We speak to Reality Gaming Group about the advantages of using Initial Coin Offerings to boost your budget

There are countless ways to finance your game's development, but one of the rising new trends is the use of cryptocurrencies.

This has perhaps been best demonstrated by Reality Gaming Group, which used an Initial Coin Offering (ICO) to secure $3.5 million towards work on Reality Clash, it's mobile augmented reality multiplayer shooter - "Think Pokémon Go with guns," as the studio puts it.

It's a respectable figure, but the method by which it raised this money may be new to many developers. Put simply, the firm sourced these funds by selling virtual currency ahead of the game's launch.

Tony Pearce, Reality Gaming Group

"The in-game currency is called Reality Clash Gold coins - or RCC Gold - and during the ICO investors could buy these coins for a limited period at a big discount to the price of the coins when the game is launched next year," co-founder Tony Pearce explains.
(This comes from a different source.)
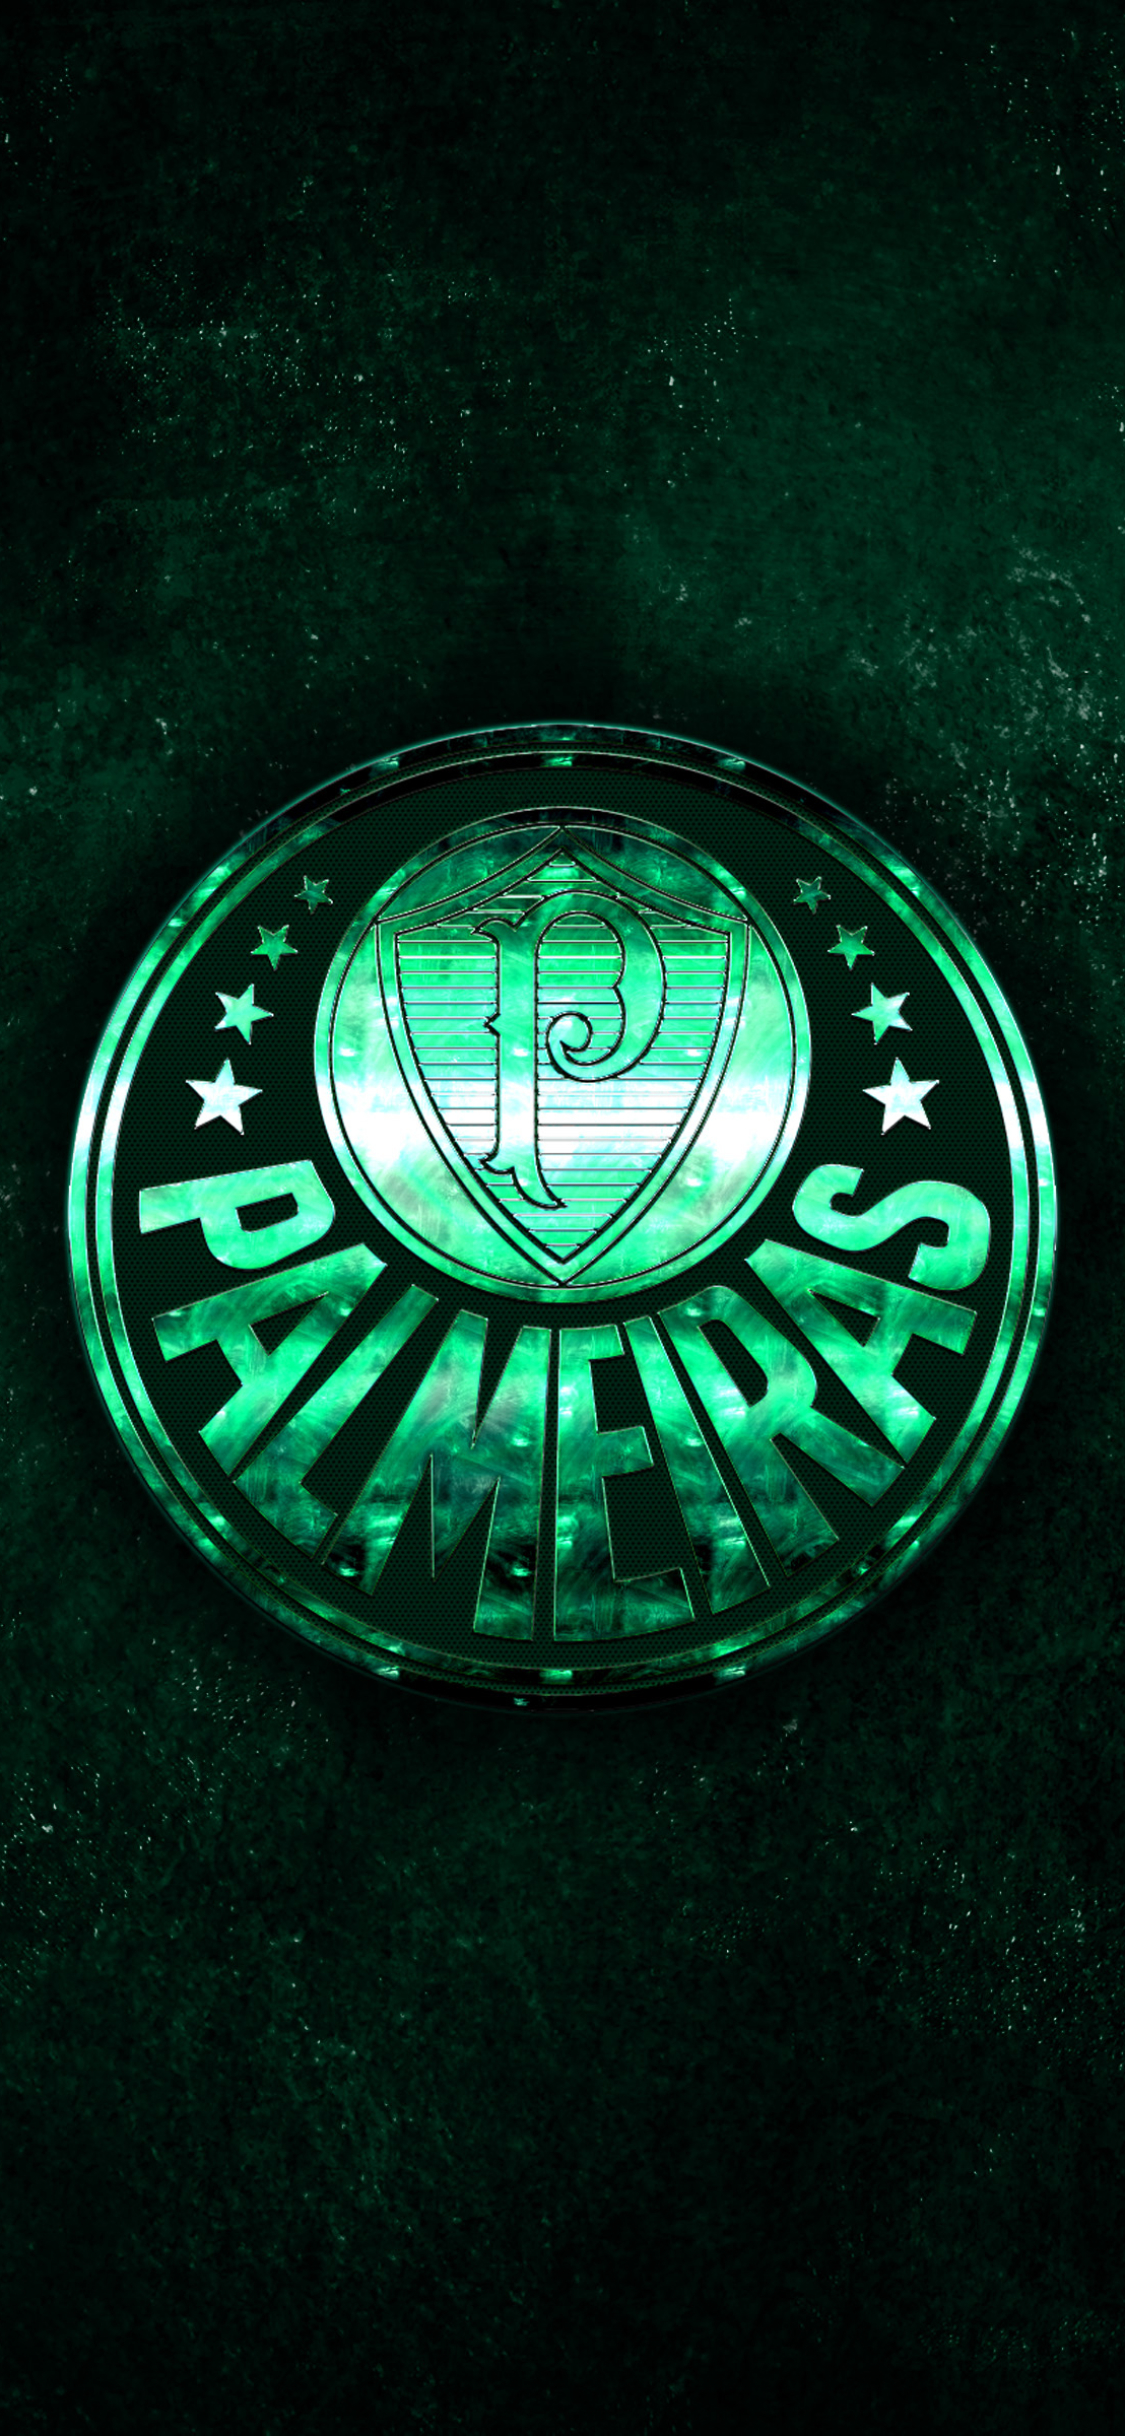 Baixar papel de parede para celular de Esportes, Futebol, Logotipo, Emblema, Sociedade Esportiva Palmeiras gratuito.

"As an added incentive, ICO investors could also buy exclusive weapons, which will not be available from the Reality Clash store when the game goes live. These weapons can also be traded on the blockchain - you become a virtual arms dealer and can make money."

The entire venture revolves around the rise of cryptocurrencies, which Pearce describes as "a math-based, decentralised convertible virtual currency that is protected by cryptography."

He adds: "In simple terms it's a form of digital money that's designed to be secure and, in many cases, anonymous."

"Investors in an ICO are basically speculating that the coin they are buying will be worth more in future"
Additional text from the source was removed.